ウイルス検体を業務で公開、なぜ逮捕?:セキュリティクラスタ まとめのまとめ 2017年11月版(1/3 ページ)
2017年11月のセキュリティクラスタ、キーワードは「macOS」「share」「国際会議」でした。新バージョンのmacOSで、パスワードを入力しなくてもログインできることが突然明らかになり、衝撃が走りました。Share監視サービスを行っていたセキュリティ企業の社員が、そのShareでウイルスを共有していたとして逮捕。毎年恒例の「CODE BLUE」と「AVTOKYO」では、興味深い各講演の合間にセキュリティクラスタの人々が交流を深めていました。
Shareの監視サービス担当者、ウイルス保管容疑で逮捕
2017年10月31日の夜、セキュリティ企業の社員がウイルスを不正に保管していた容疑で逮捕とのニュースが発表、セキュリティクラスタで大きな話題となります。逮捕された担当者は、P2Pファイル共有ソフト「Share」を監視していました。自社管理していたShareの共有フォルダに、ウイルス感染済みのファイルを保存していたということです。
セキュリティに関連した業務では、調査などの都合でウイルスを保管していることがあります。監視サービスを提供している業者がそれだけで逮捕されるとは信じられない、という感想を持った人が多かったようです。Shareがまだ使われていたのか、と驚いているツイートもありました。
ところが事件の詳細が分かるにつれて少しずつ雲行きが変わっていきます。
Shareの仕組み上、共有フォルダに入っているファイルやキャッシュファイルを全てのShareユーザーがアクセスできるようになっています。これがデフォルト設定です。
しかしファイル共有を止めるパッチを入手できることを、Shareを使っている人々は知っています。パッチを使うことで共有せずに監視できるにも関わらず、逮捕された社員はパッチを当てずに運用していたというのです。
監視サービスを行うプロなのだから、パッチが存在することくらい知っているはず、もし知らないのならプロとして知識が足りないという意見が多くありました。

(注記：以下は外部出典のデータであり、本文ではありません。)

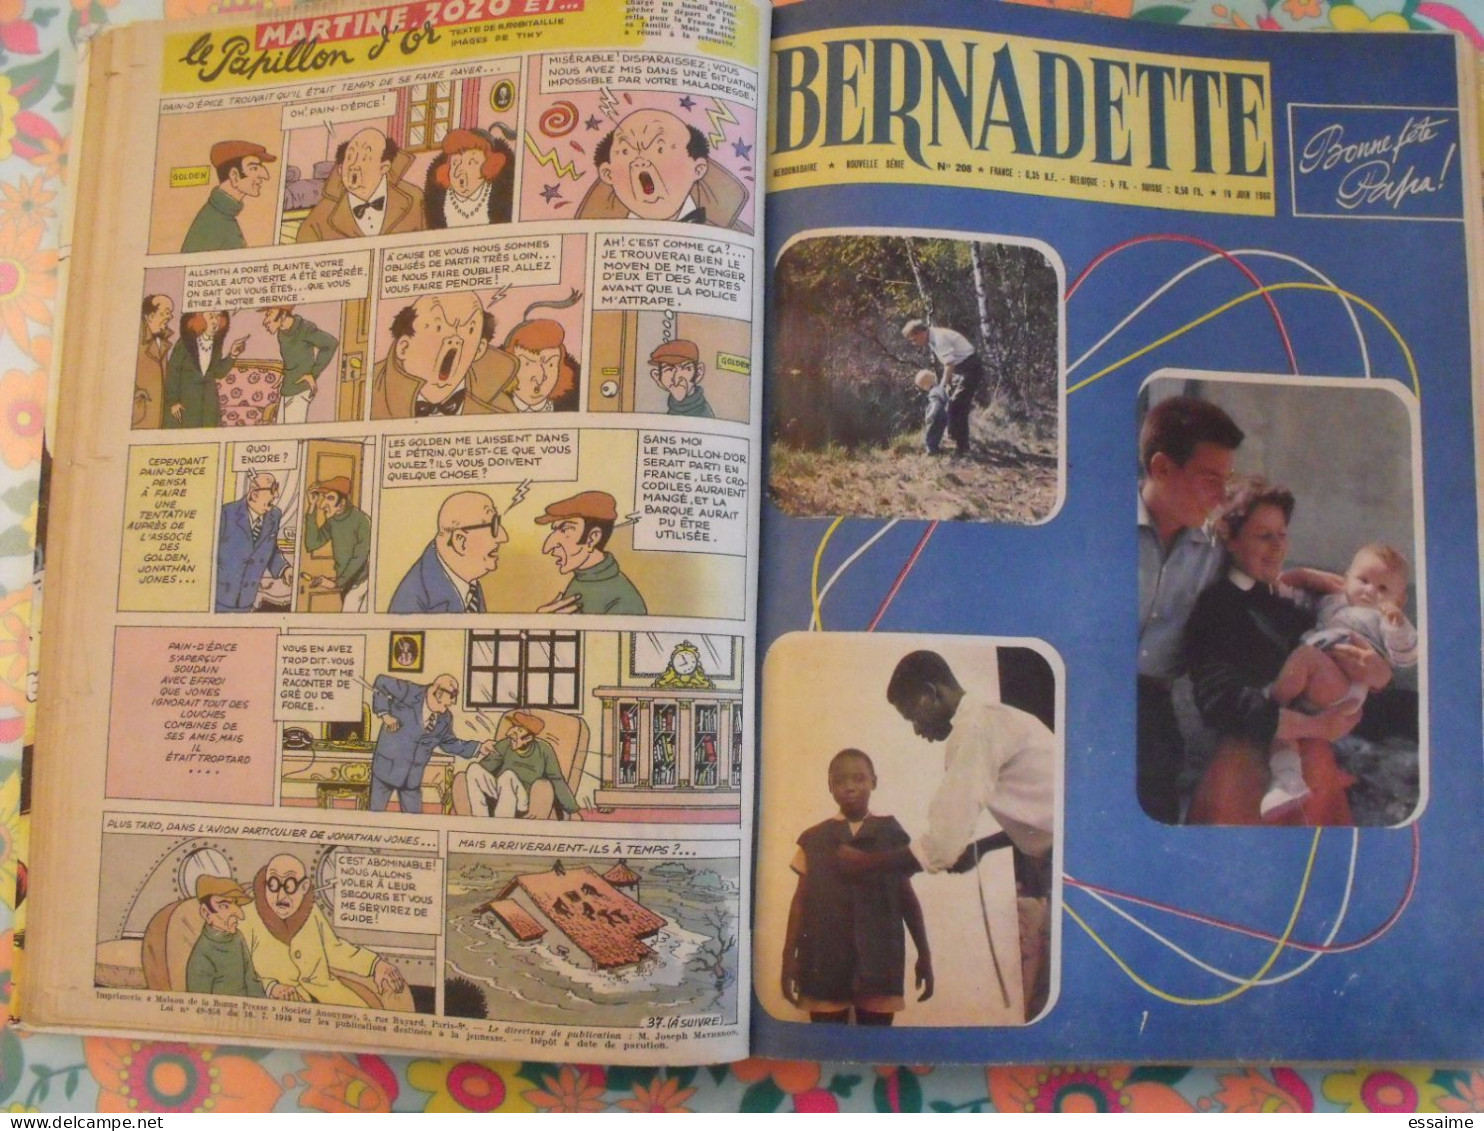 recueil BD Bernadette 1960 n° 206 à 218. Calvo (moustache et trotinette). pierdec tiky lay hempay colomb. à redécouvrir

「保管していたが、悪いこととは思っていない」と供述しているとの報道もあり、逮捕されるのは当然ではないかという手厳しい意見もありました。
そうした中、公開しただけで逮捕するのはやり過ぎではないか、功を急いだのではないか、注意するだけでよかったのではないかという意見もありました。第二のWinnyやLibrahack事件(岡崎図書館事件)になぞらえるツイートもありました。
これに関連して懸念を持っているユーザーの声もありました。ハニーポットを公開し、そこにマルウェアが入っていた場合、同じように逮捕される危険があるのではないかという懸念です。